Have you ever been chatting or gaming on
Discord when the server suddenly goes completely down? Completely stressful, am I right? I have been there, as a mod it can be really stressful. Of course, you can solve down time and pull off a container mod in complete control. Here is how I do it.
Look For Early Signs
Spotting problems early is the best approach.
Servers typically provide subtle alerts prior to crashing. Keep an eye on:
•
Bots behaving oddly – If there are sudden errors, it usually indicates a problem.
•
Slow server performance – If you happen to have more than one user trying to connect at the same time, your server will start to slow down.
•
Maintenance notifications – Discord will sometimes announce planned downtime.

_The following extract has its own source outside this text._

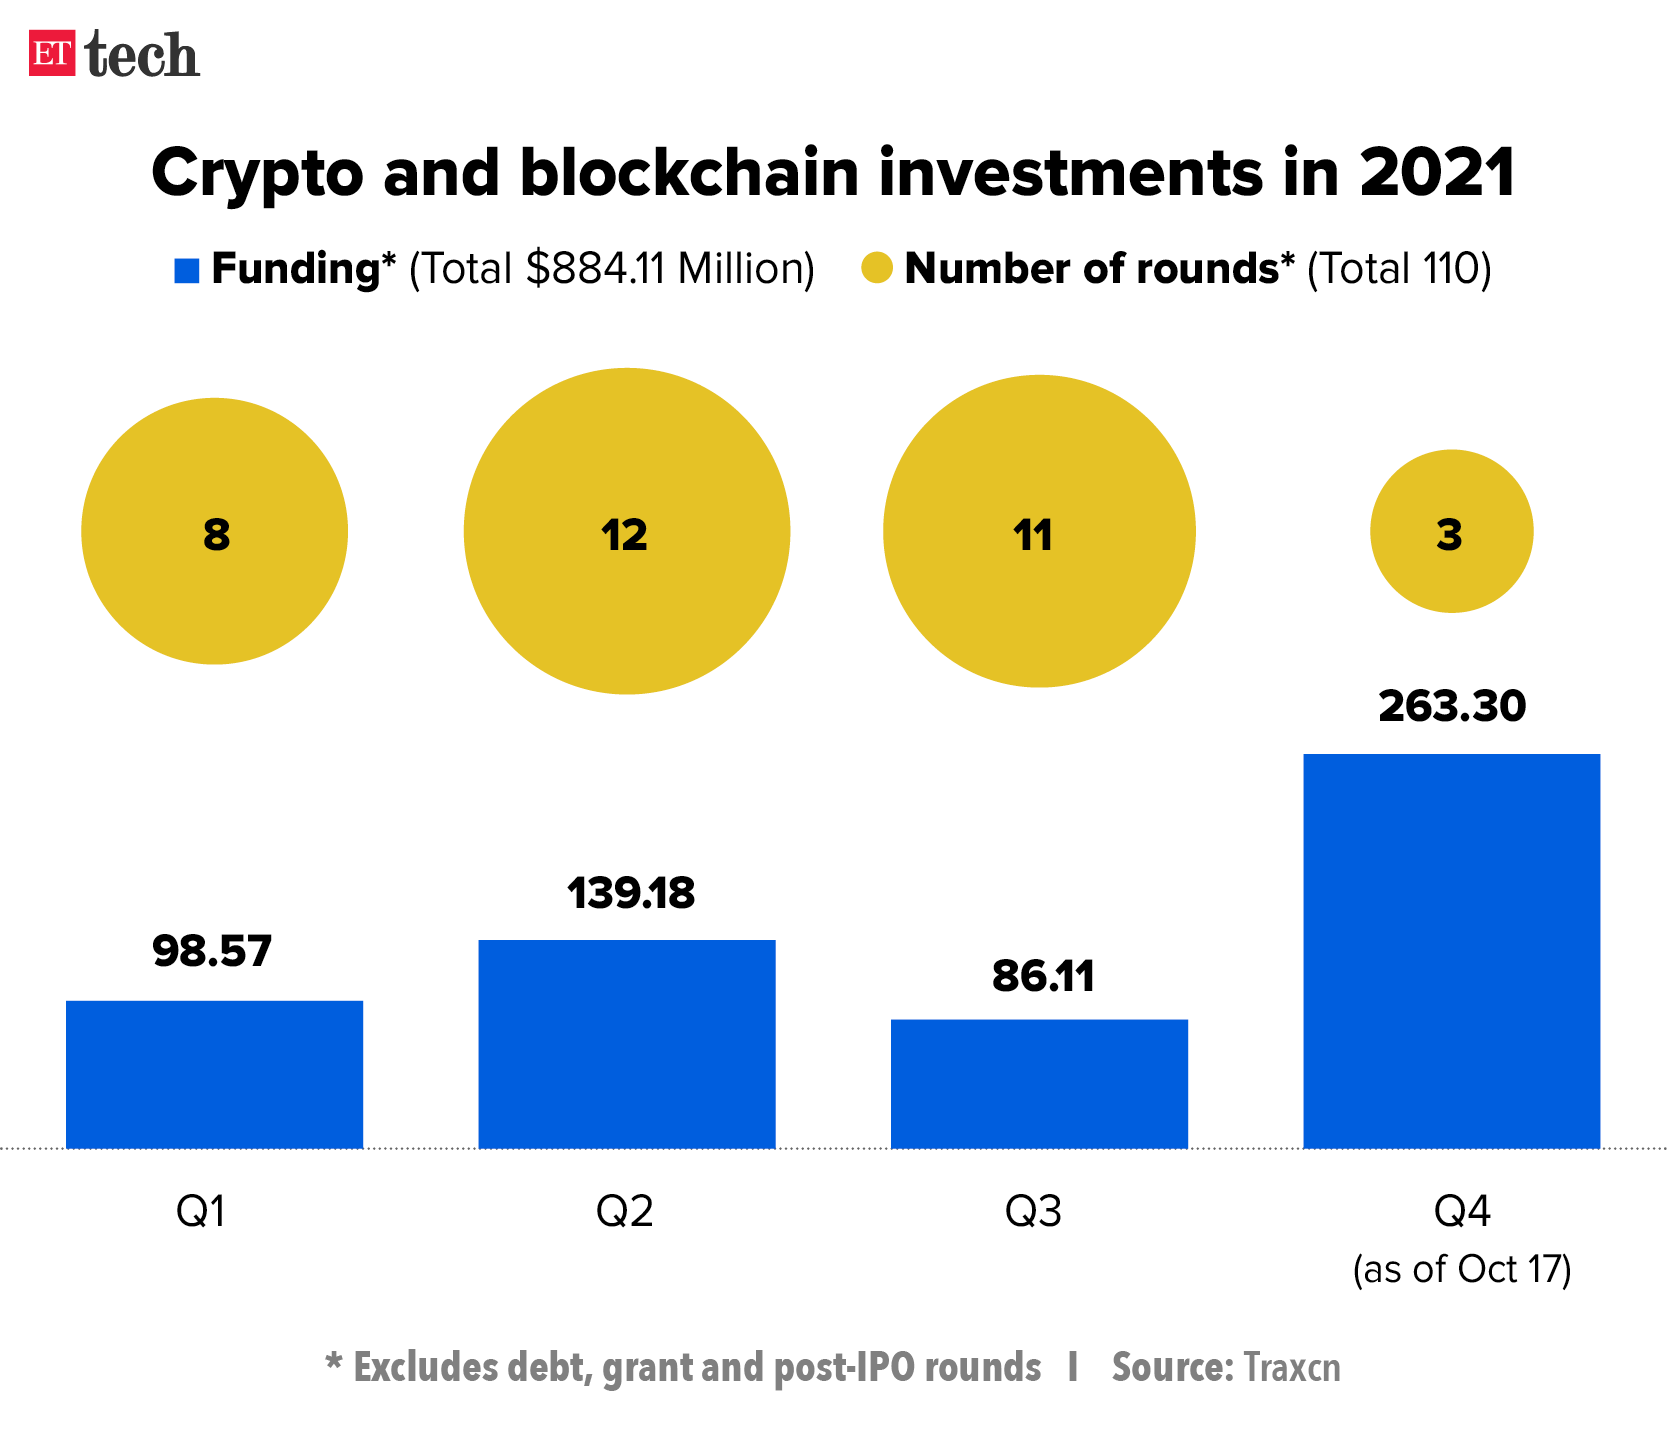 Crypto and blockchain investments in 2021

If you pay attention to early signs, you will have the opportunity to reload or act. Have you ever seen the
“Server Status: Partial Outage” notification? That is a sign it is time to investigate.
Tell Others ASAP
When there is downtime, silence is the worst. Users will panic if they don't know what is going on. I always:
- Post a short update in a popular channel
- Keep message friendly and honest, ie "Hey everyone, we're having issues with the server. We are fixing it!"
- Use status bots or pinned messages for updates.
People value honesty. A simple message can go a long way.
Stay Calm!
Mods, please stay calm! Don't panic? Things will get worse. First off, here's what I do:
•
Delegate - Have one person check messages, one person check bots, and someone else can just monitor server status.
•
Have backups - If you have other bots, or another admin account, it will help when things go sideways more than once (and if you're in the right headspace to sort that).
•
Note your incidents - Write in moderation log what happened so that next time you don't have to rely on your wits to figure it out.
You shouldn't have to do everything by yourself - it's really useful to have a team to assist you to plan your moderation.
Learn For Next Time
After the server is back to normal, take time to decompress and review the incident:
- Was this issue preventable?
- Which tools or bots failed?
- How can we improve next time?
Keeping a log of your downtimes will aid in your response in the future.